* [Requirement]: What you write must match, character for character, the lines from the one with "Vijay Fits Ford" down to the one with "this mutual fund" in the listing below, minus its pictures.

* [Dataset records]:

BEGIN

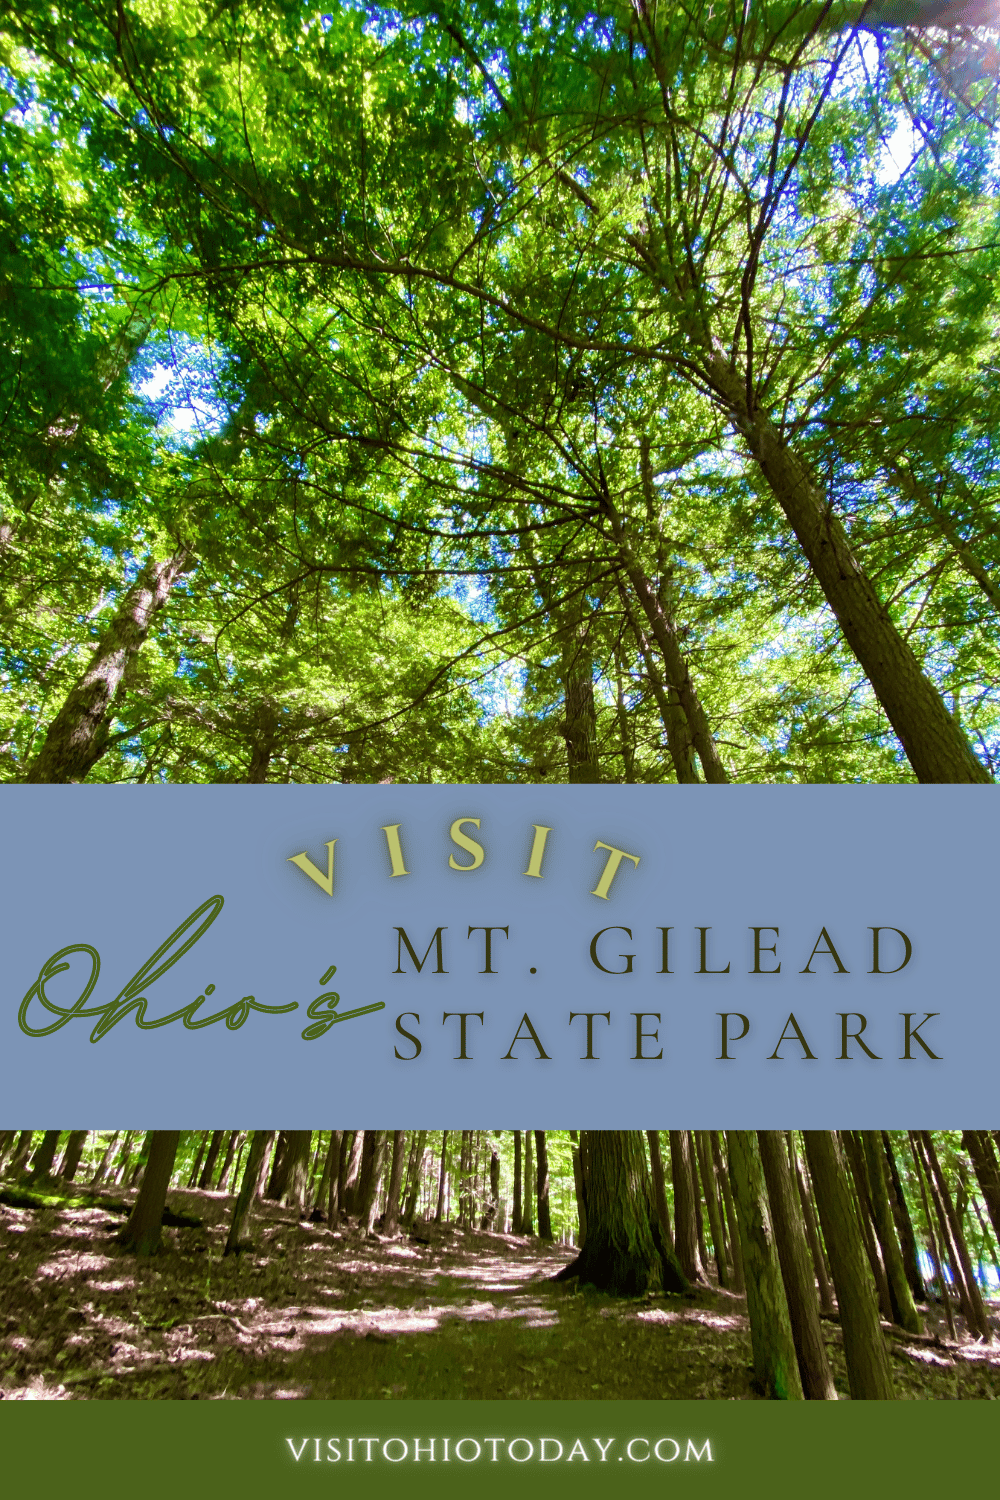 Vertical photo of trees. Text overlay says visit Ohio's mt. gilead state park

END
BEGIN

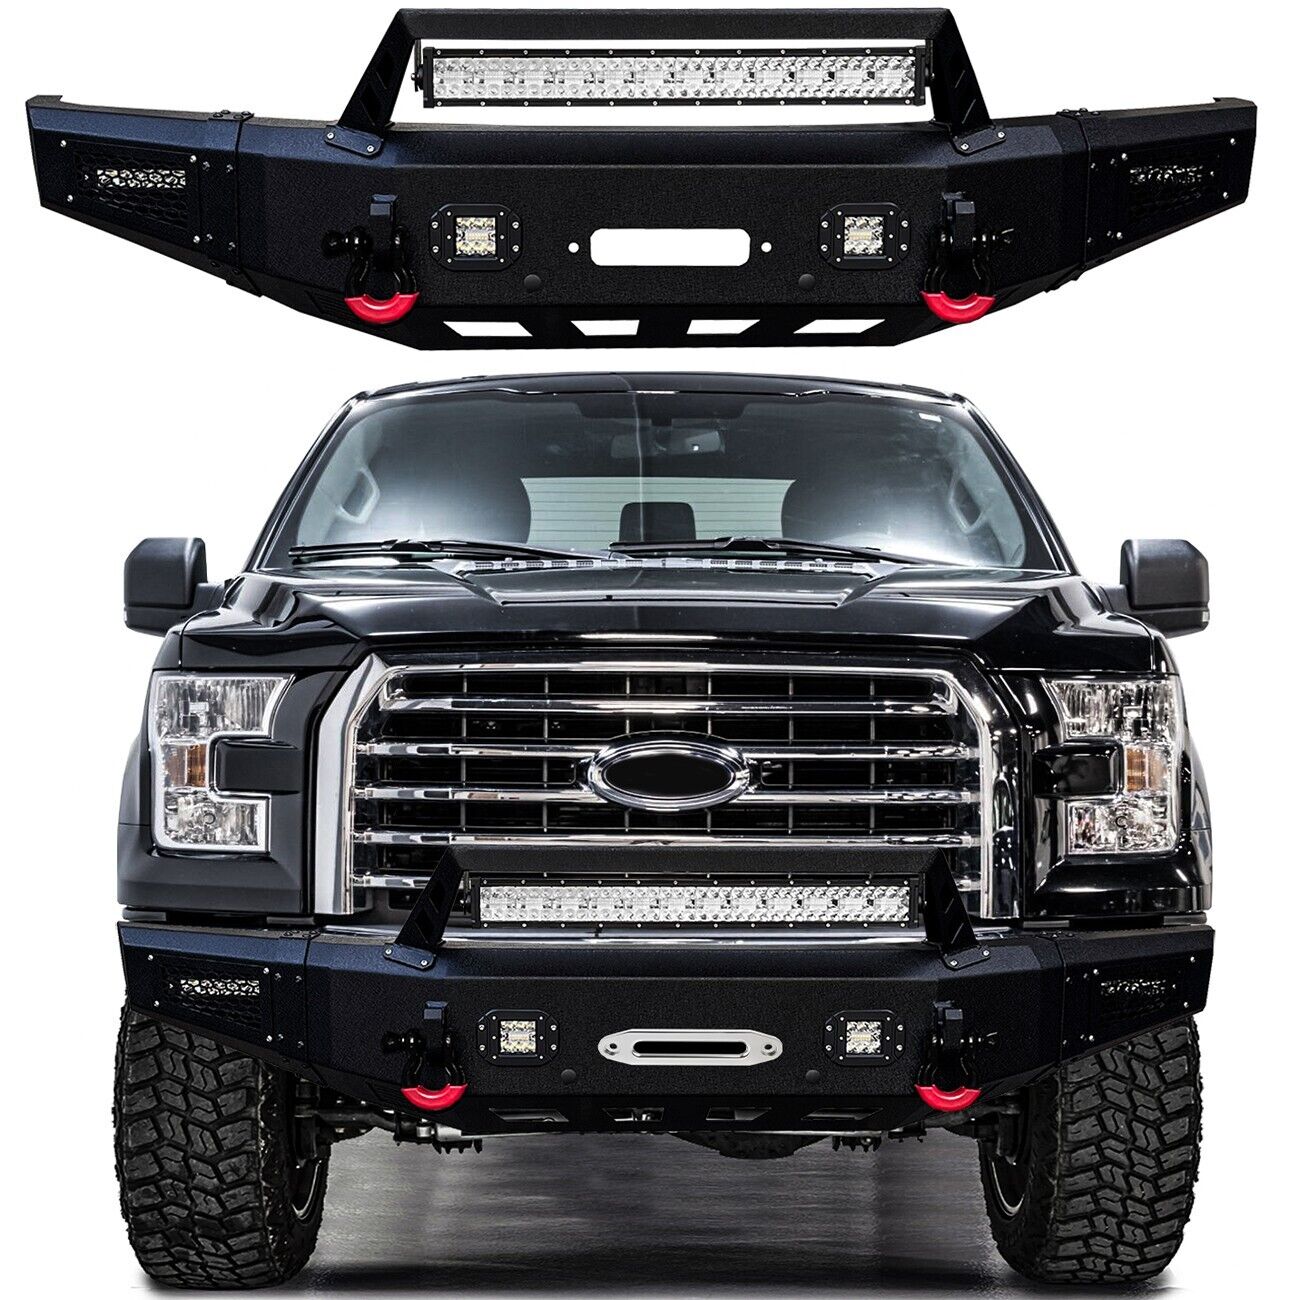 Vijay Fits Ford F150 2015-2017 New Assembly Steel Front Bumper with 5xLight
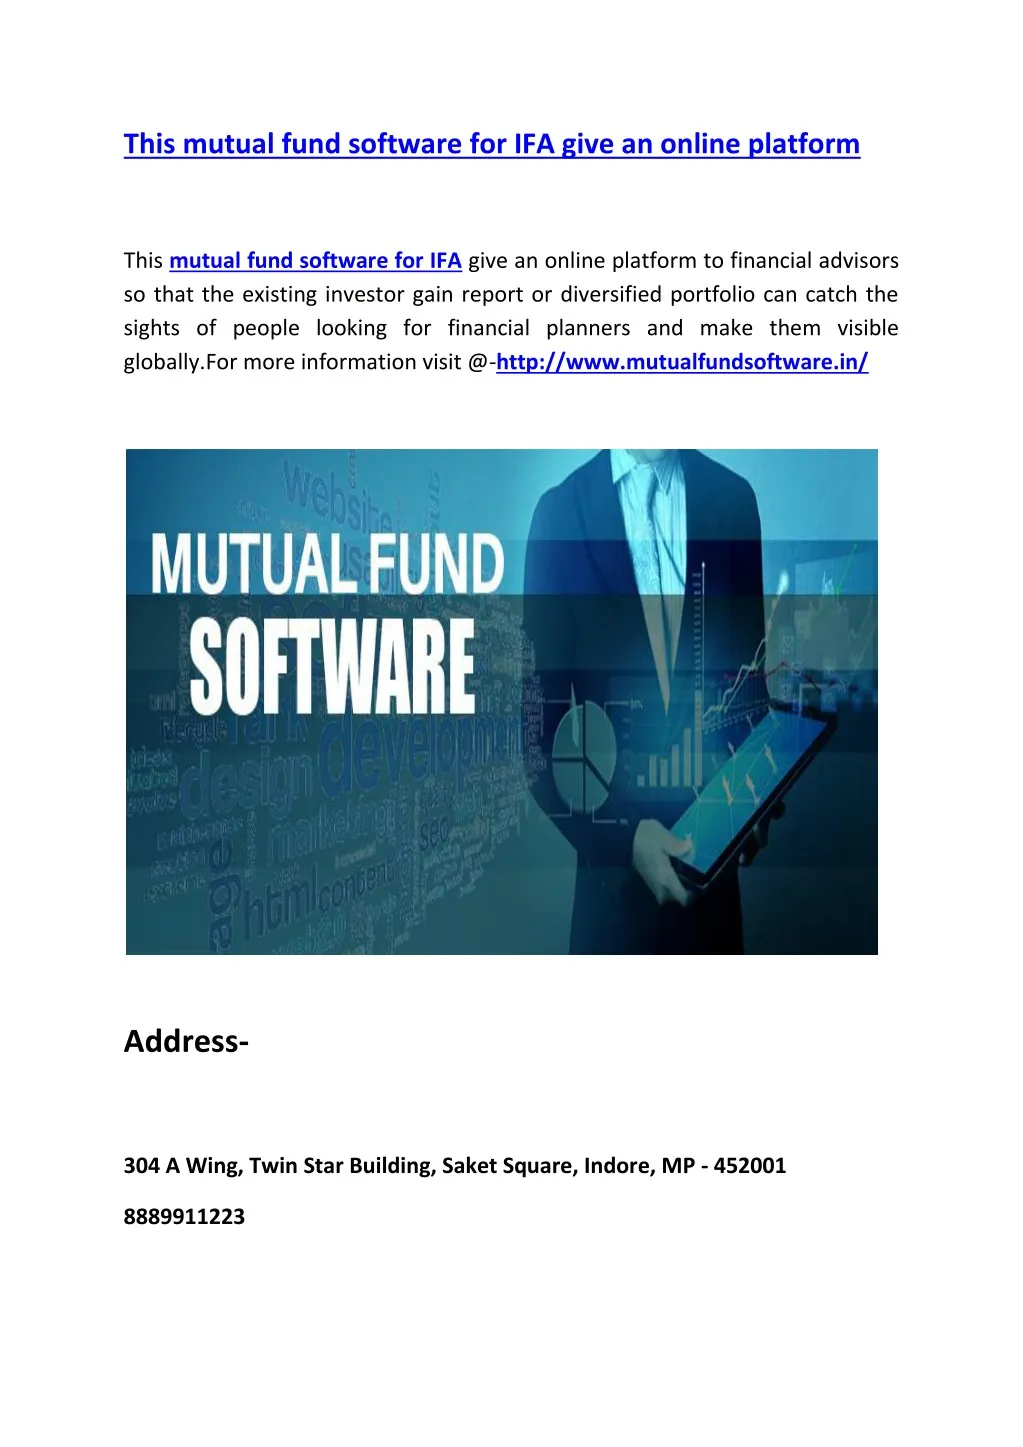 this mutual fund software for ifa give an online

END

* [Response to this exercise]:
 Vijay Fits Ford F150 2015-2017 New Assembly Steel Front Bumper with 5xLight
 this mutual fund software for ifa give an online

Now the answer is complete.